Aim of the exercise: The answer is a stretch of the material below, returned exactly: the line containing "2019-05-05 Chuquimarca_Yuracmarca-24", the line containing "Quattro cilindri 1.4", and all lines between.

The data:

===

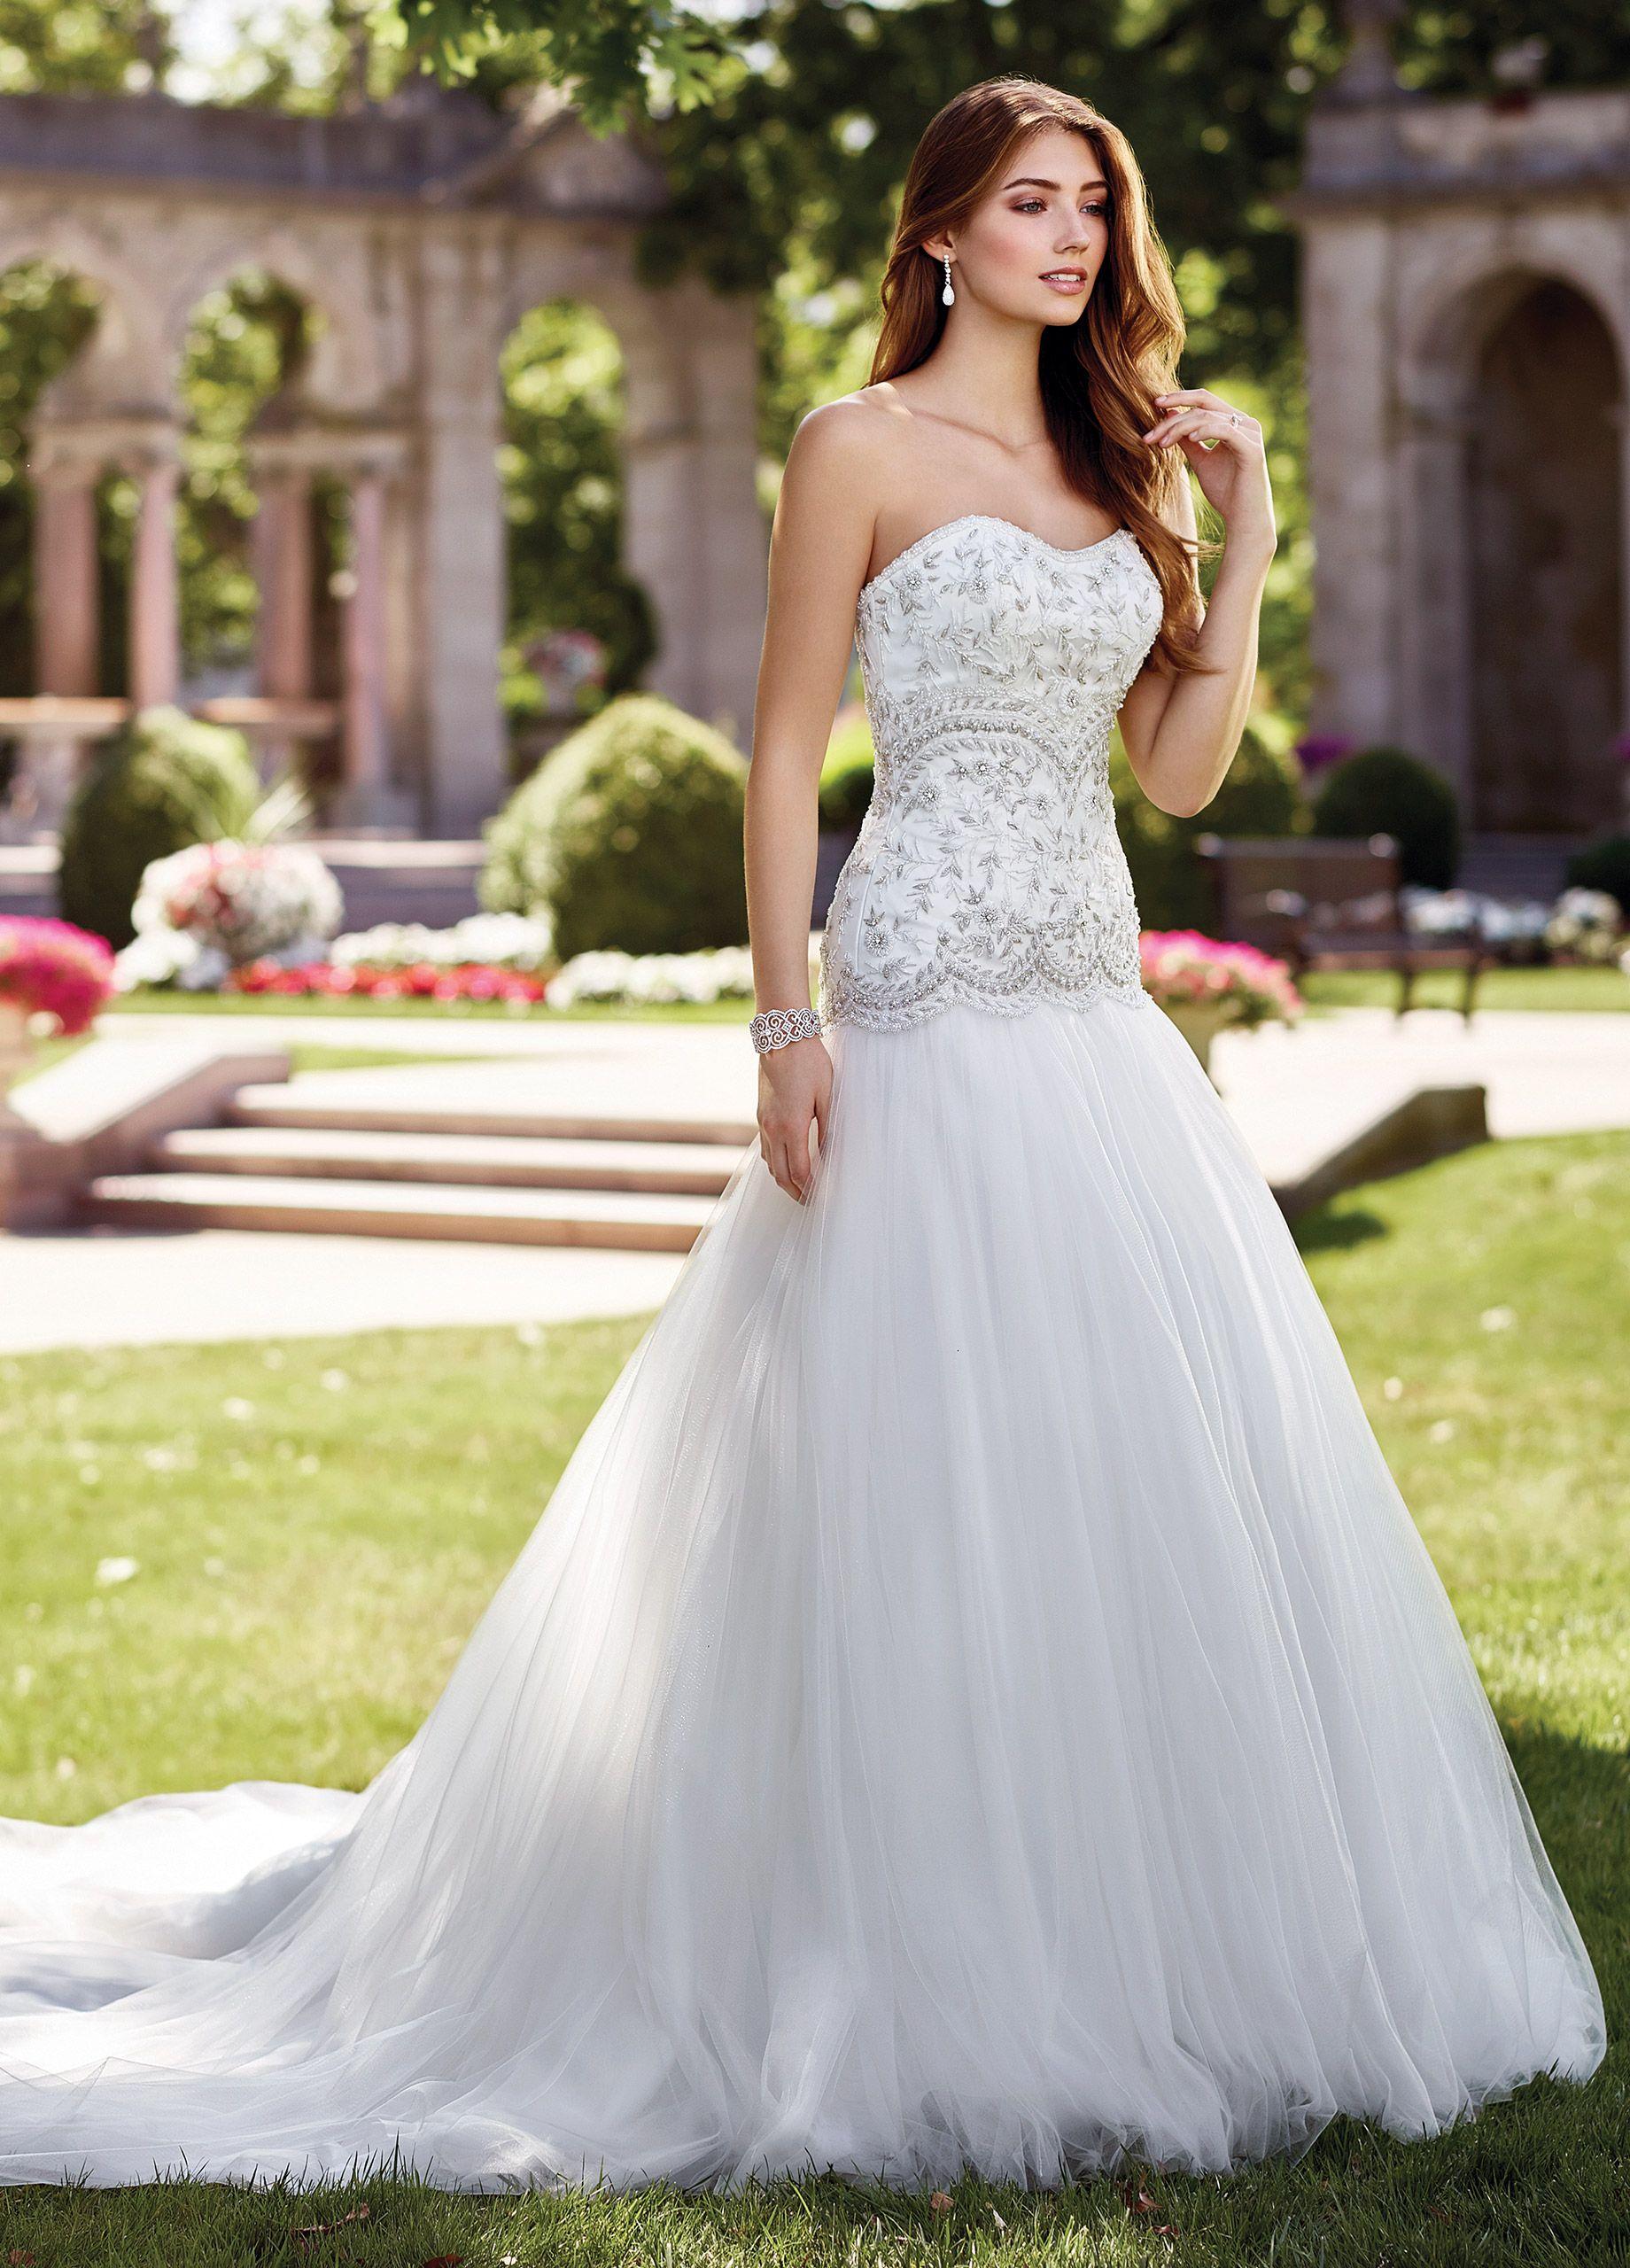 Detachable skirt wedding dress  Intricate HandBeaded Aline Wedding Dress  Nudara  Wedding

===

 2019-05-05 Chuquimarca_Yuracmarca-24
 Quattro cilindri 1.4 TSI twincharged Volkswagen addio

===

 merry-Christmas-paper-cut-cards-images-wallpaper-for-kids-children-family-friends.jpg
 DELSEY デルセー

===

Output of the exercise:
 2019-05-05 Chuquimarca_Yuracmarca-24
 Quattro cilindri 1.4 TSI twincharged Volkswagen addio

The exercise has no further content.